Within the lines below, the span from the line with "USA vs Argentina" to the line with "A Comparative Analysis", both ends included, is to be reproduced exactly, with pictures omitted.

◆ **Given data**:
━━━━━━━━

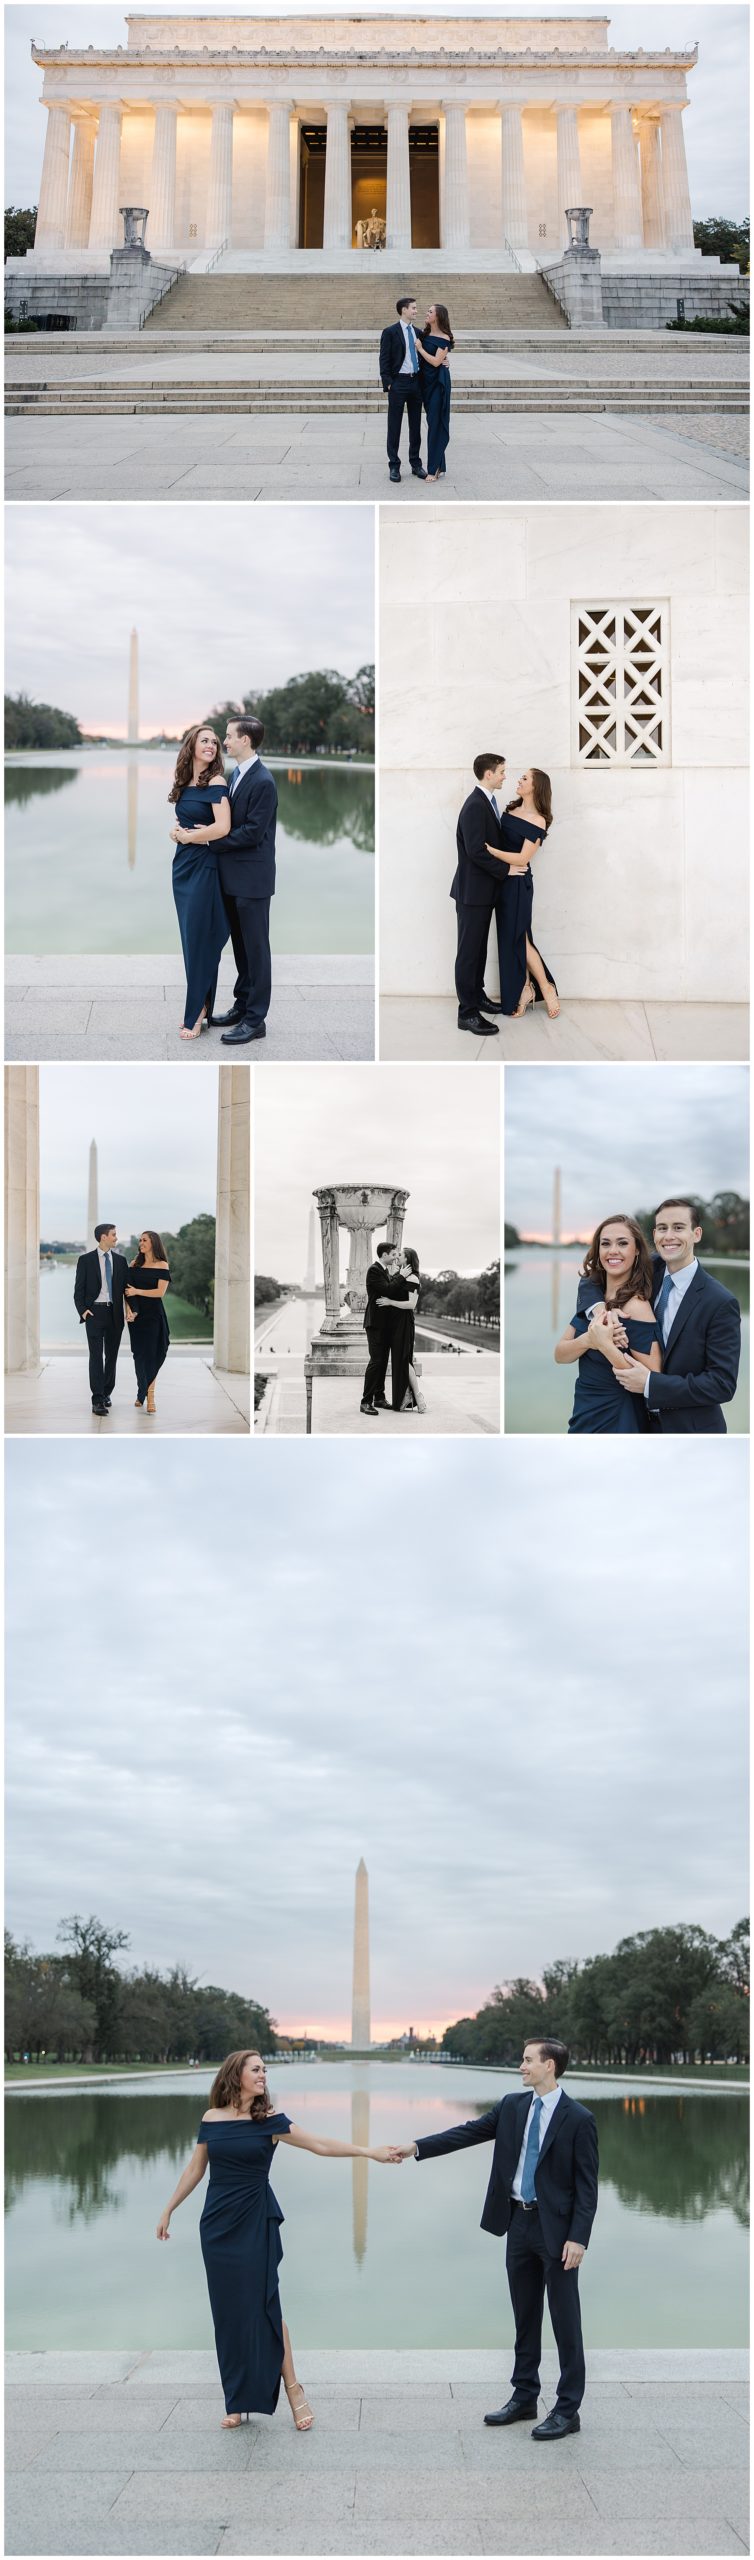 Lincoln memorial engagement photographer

━━━━━━━━

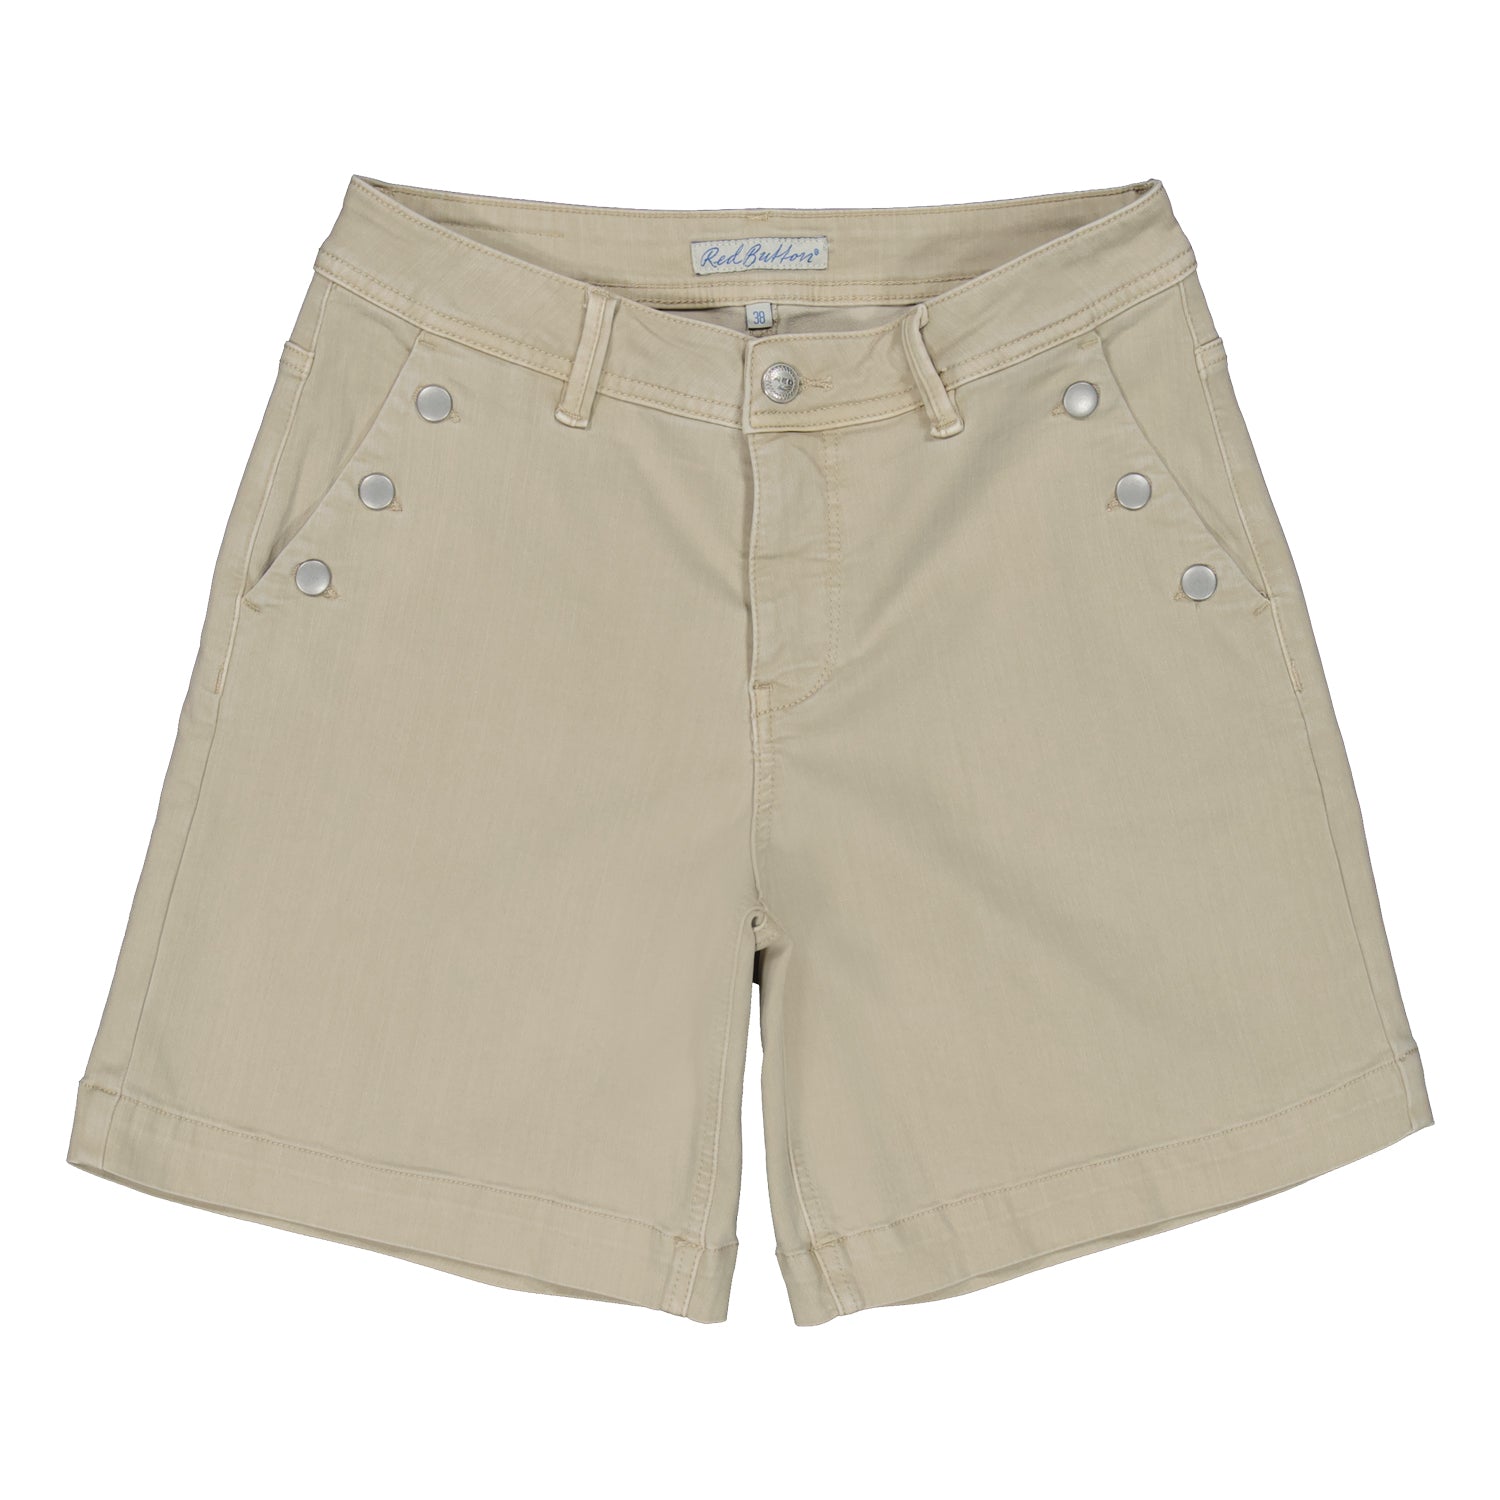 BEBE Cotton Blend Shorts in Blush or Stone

━━━━━━━━

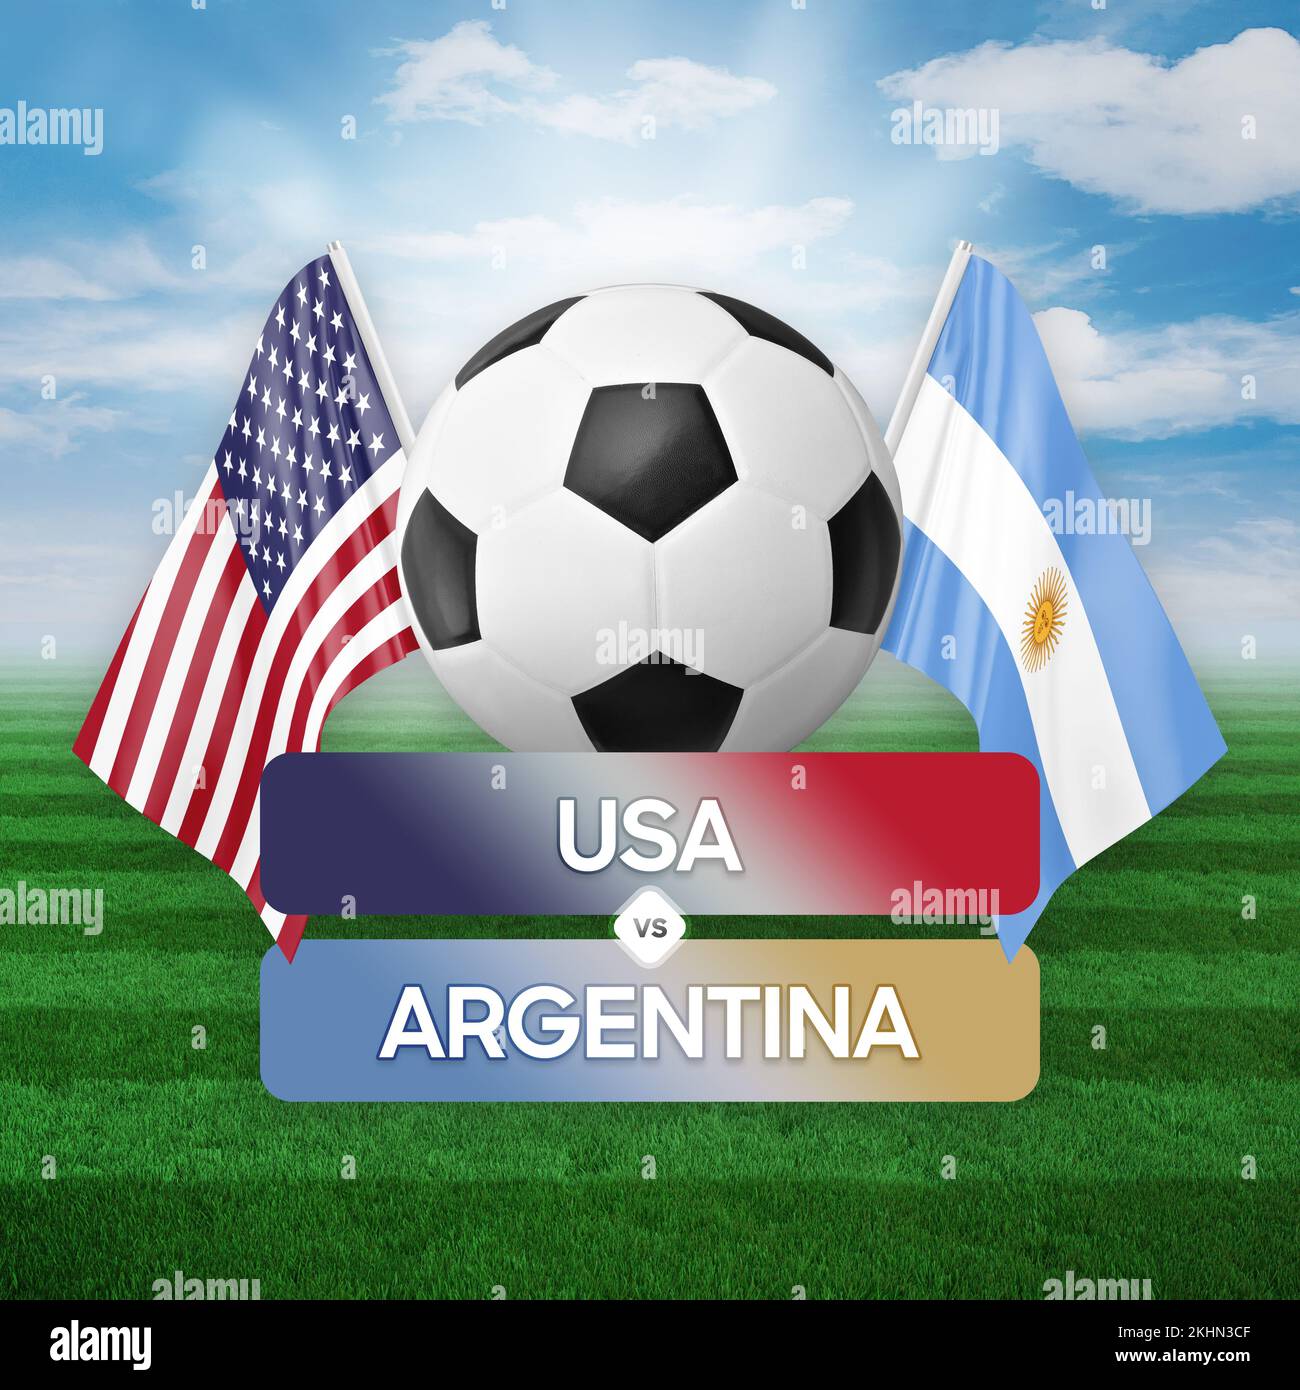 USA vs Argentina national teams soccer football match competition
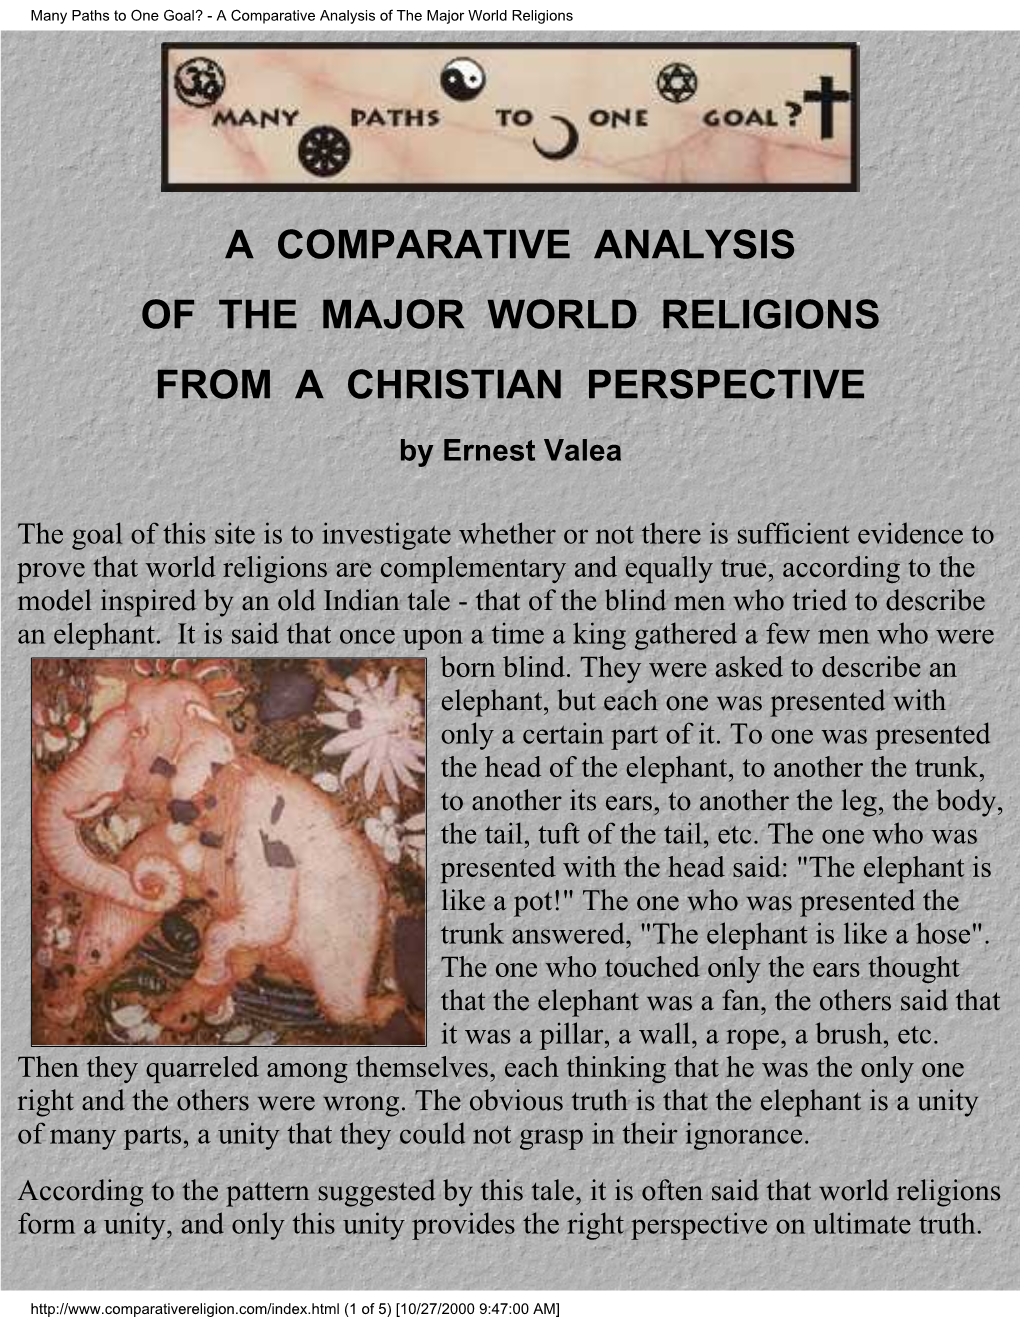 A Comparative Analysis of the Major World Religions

━━━━━━━━

◆ **Result below**:
 USA vs Argentina national teams soccer football match competition
 A Comparative Analysis of the Major World Religions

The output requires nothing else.